(Dataset excerpt begins)
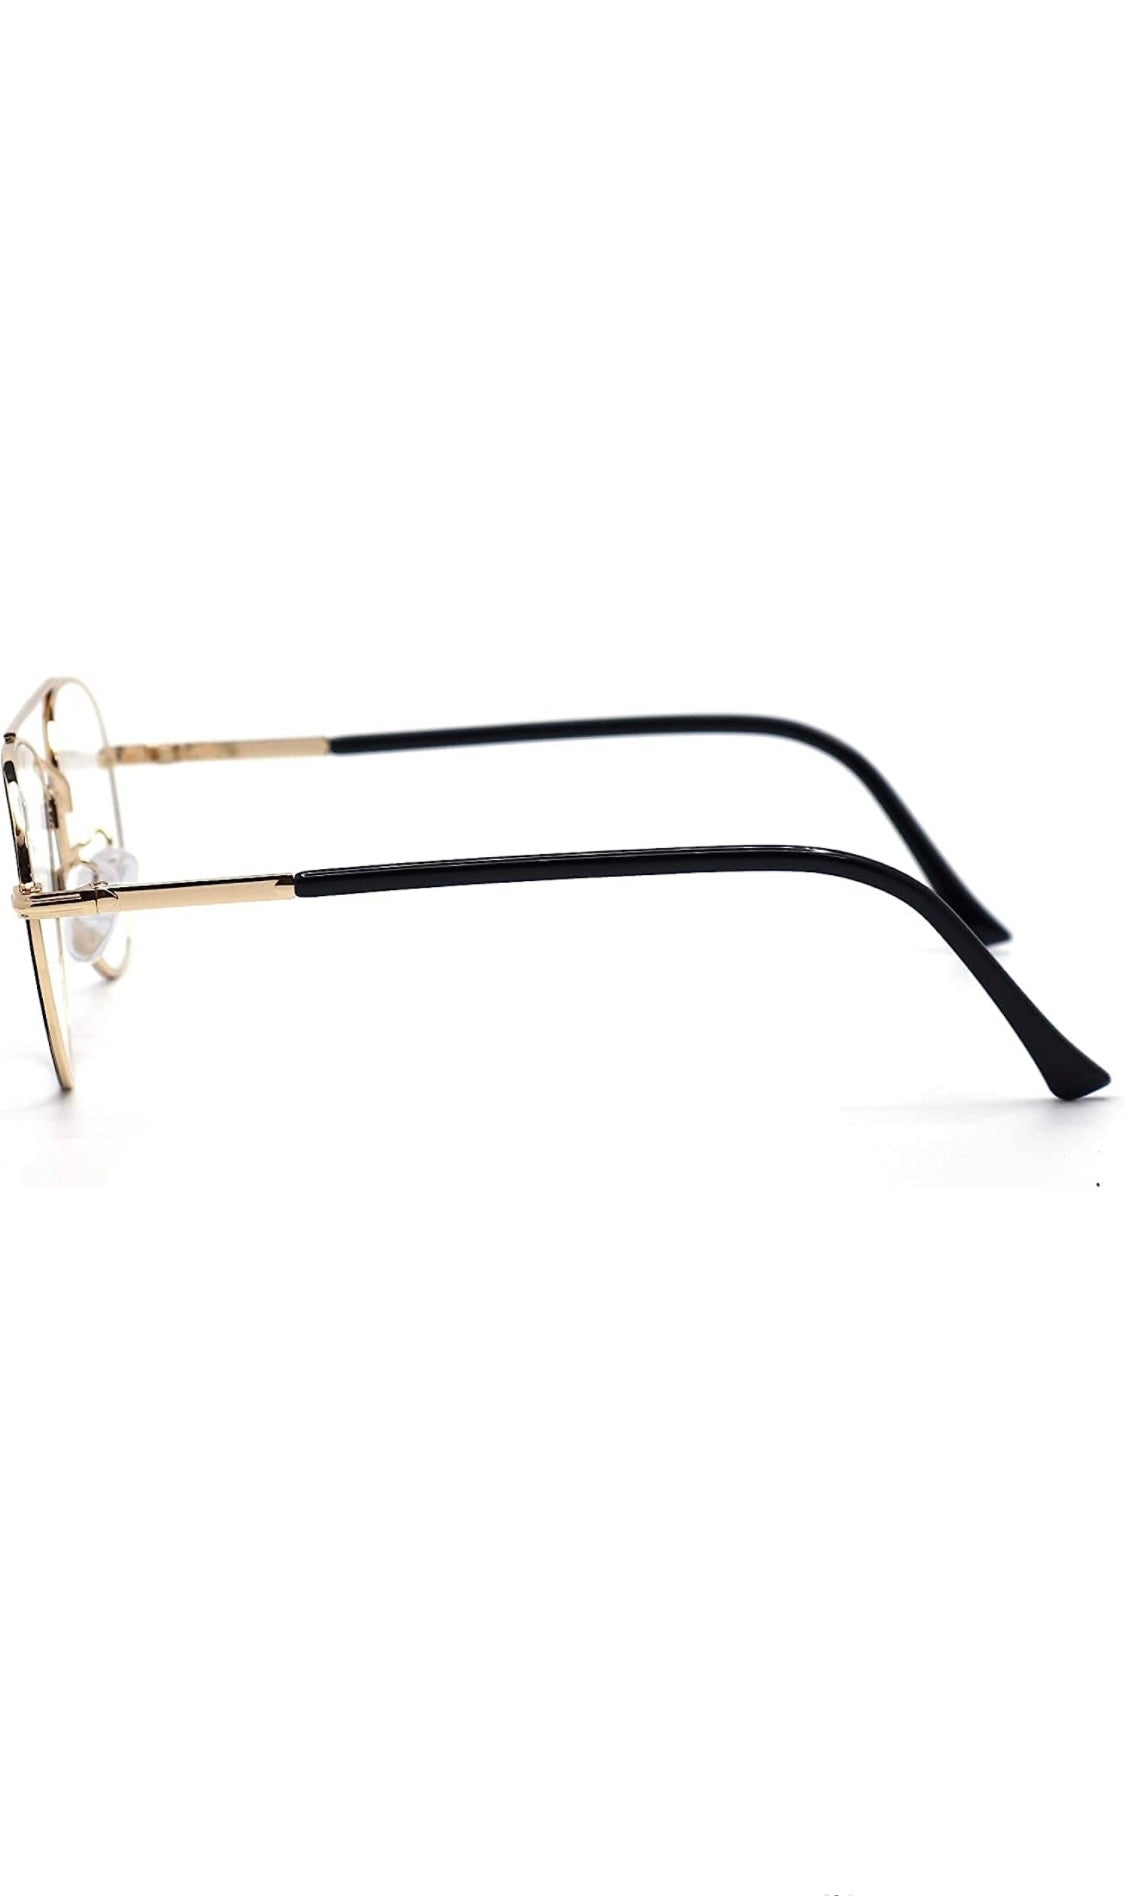 Jodykoes® Unisex Aviator Blu Cut Blue ray Protection Anti Glare Zero Power Computer Protection Eyeglasses For Men and Women Spectacle Frame (Black & Gold) - Jodykoes ®
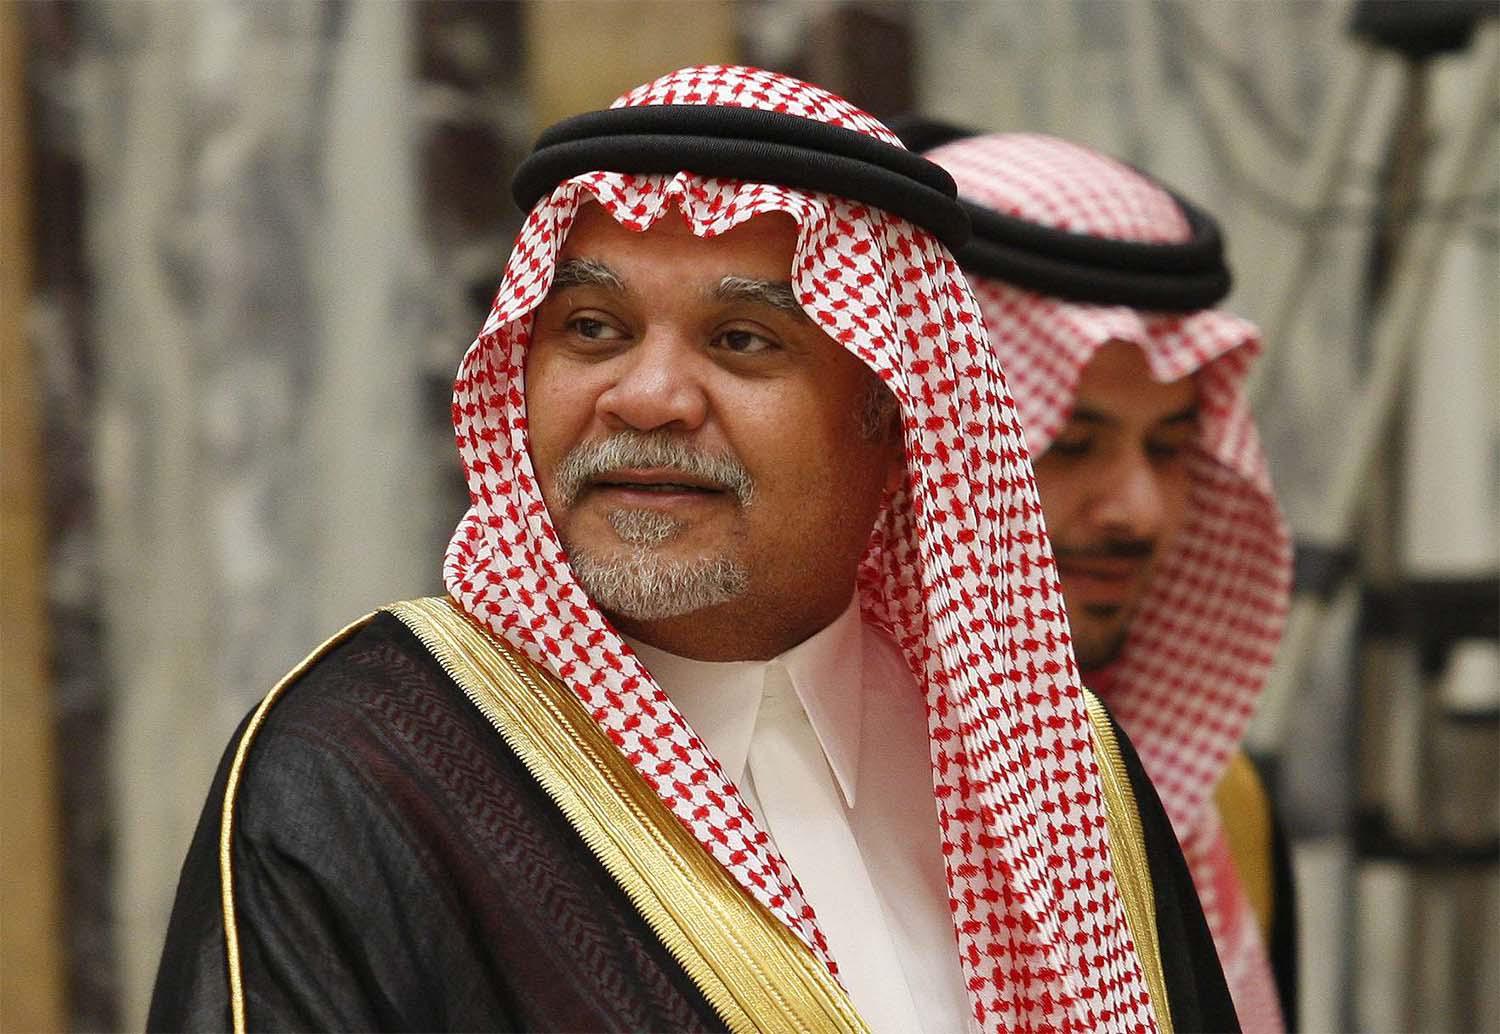 Saudi Arabia's former intelligence chief and ambassador to the United States, Prince Bandar bin Sultan bin Abdulaziz
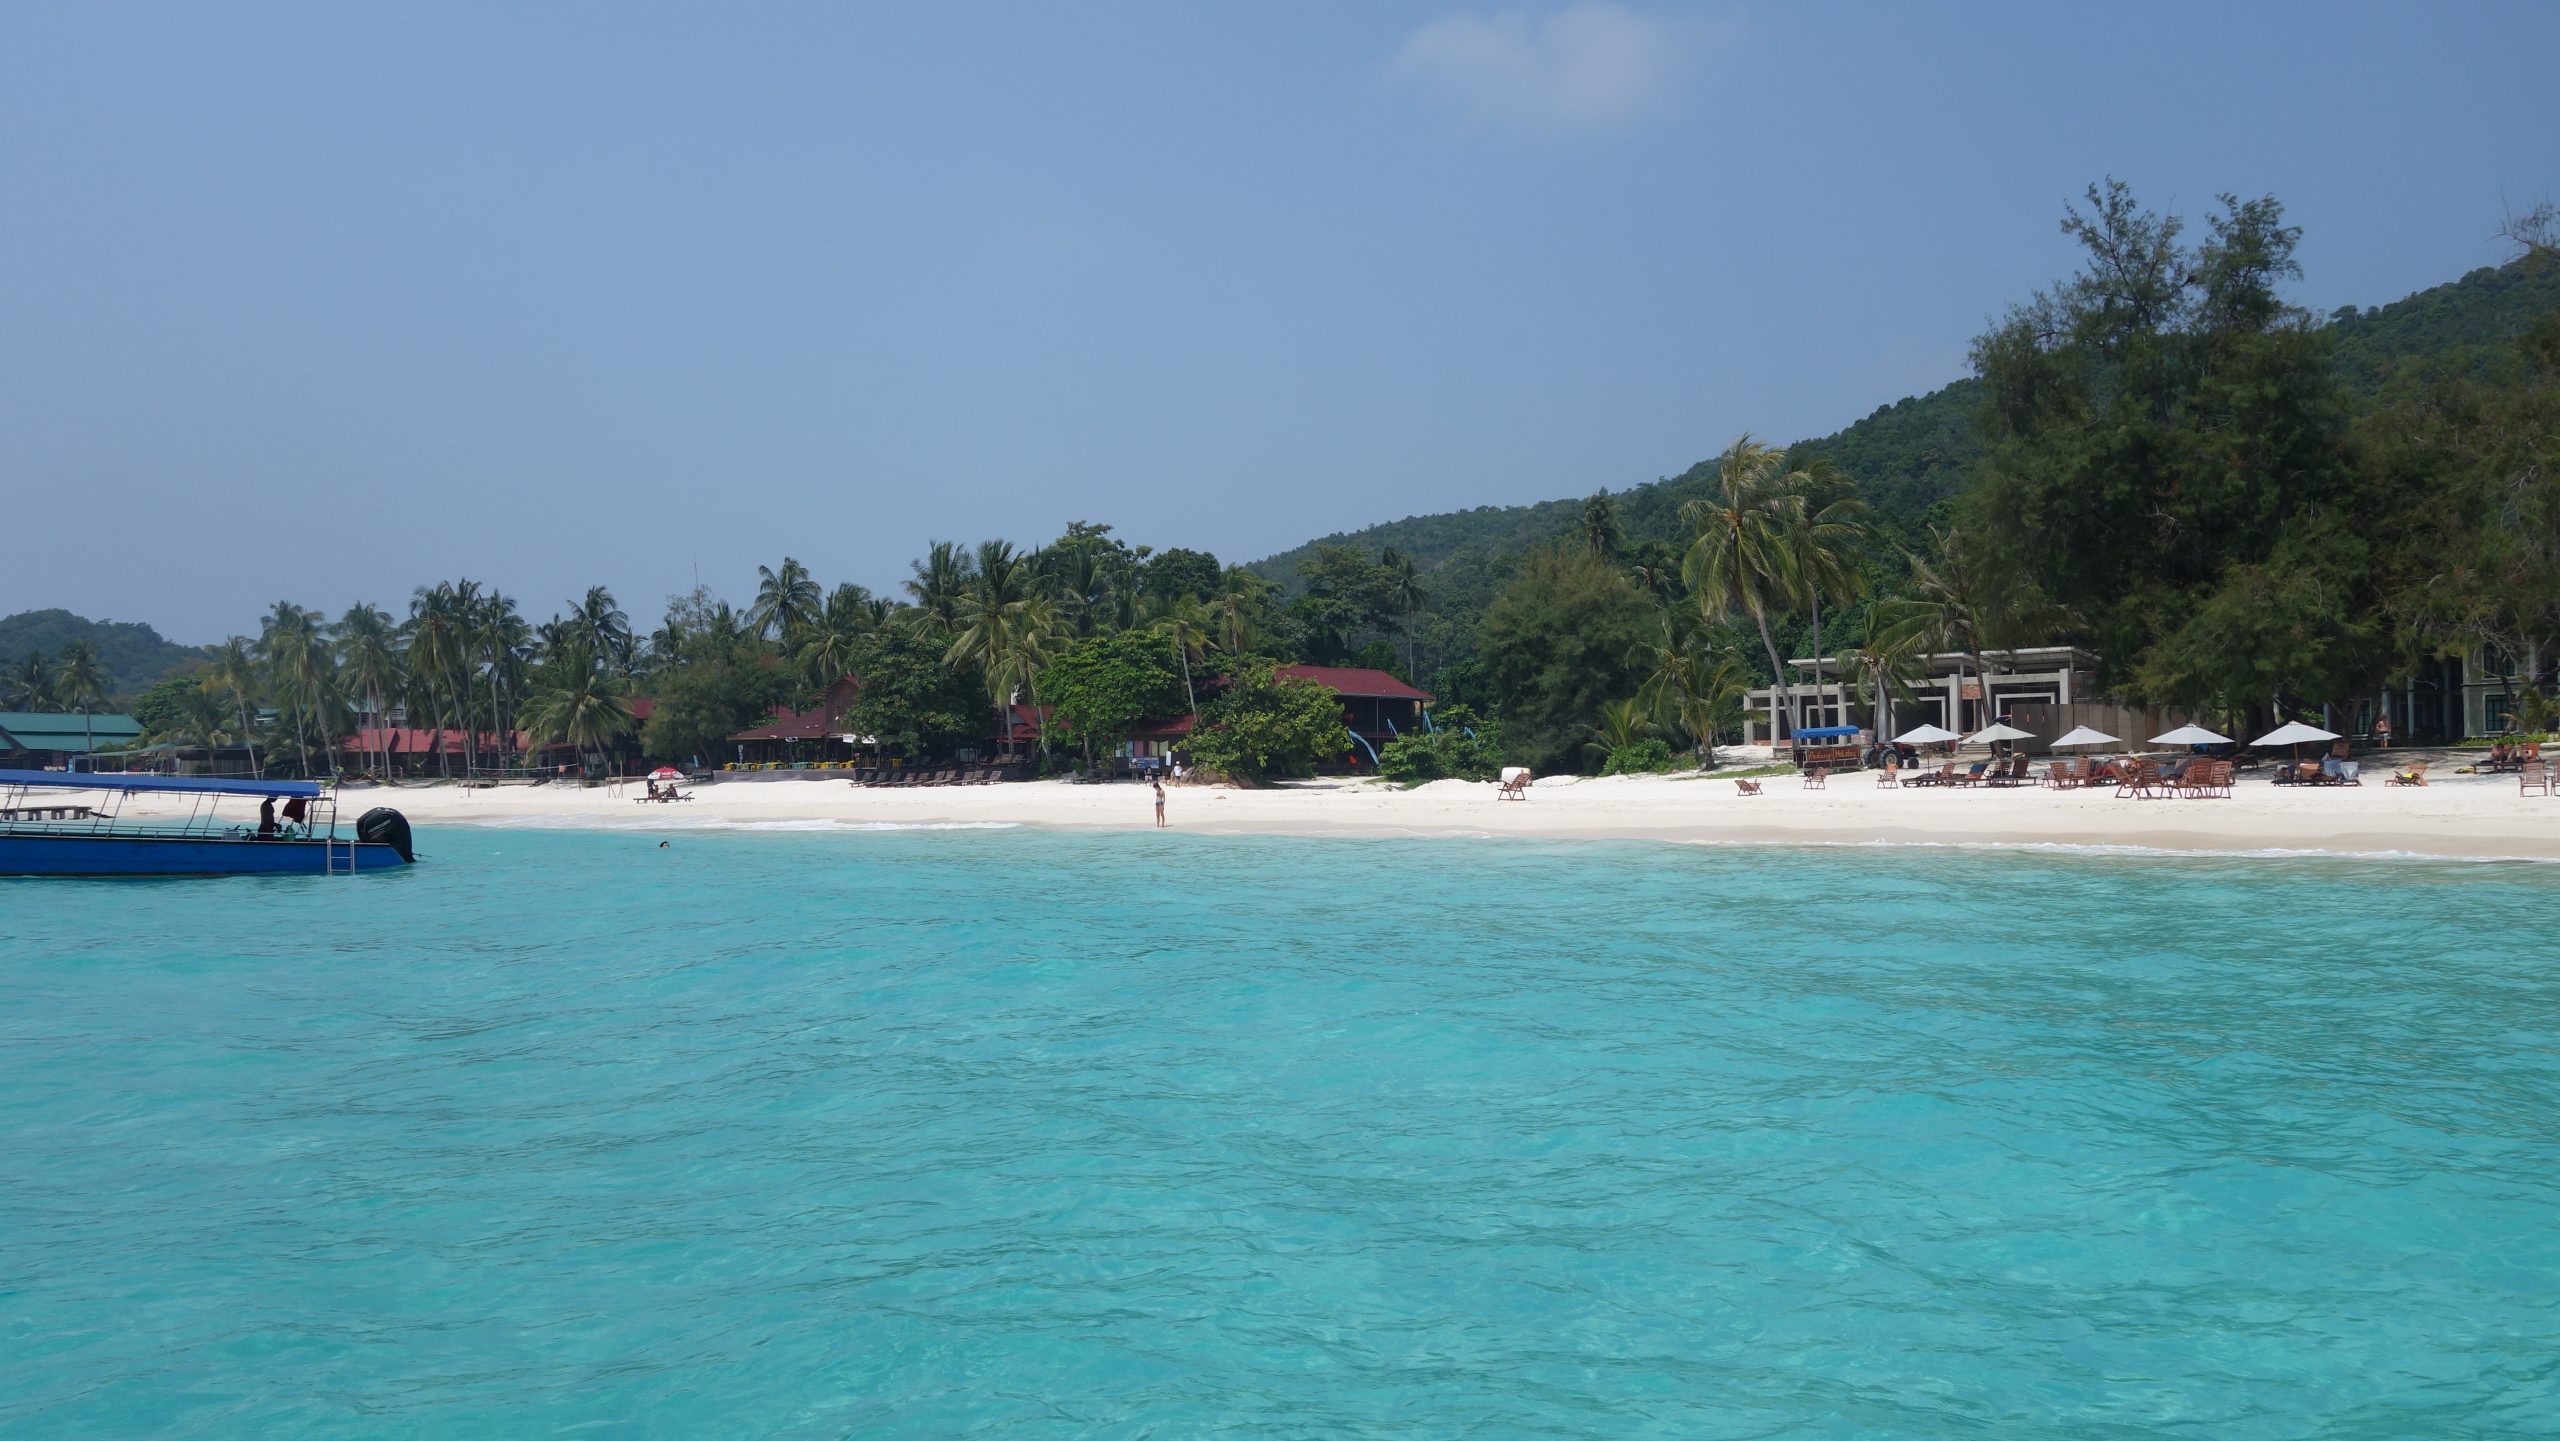 Pulau Redang, en septembre 2015
(Dataset excerpt ends)
*Exercise requirements*: Beginning with the line that contains "Saudi Arabia's former" in the data above, please copy each line exactly until the last line, both ends included, skipping any pictures.

*Your response*:
 Saudi Arabia's former intelligence chief and ambassador to the United States, Prince Bandar bin Sultan bin Abdulaziz
 Pulau Redang, en septembre 2015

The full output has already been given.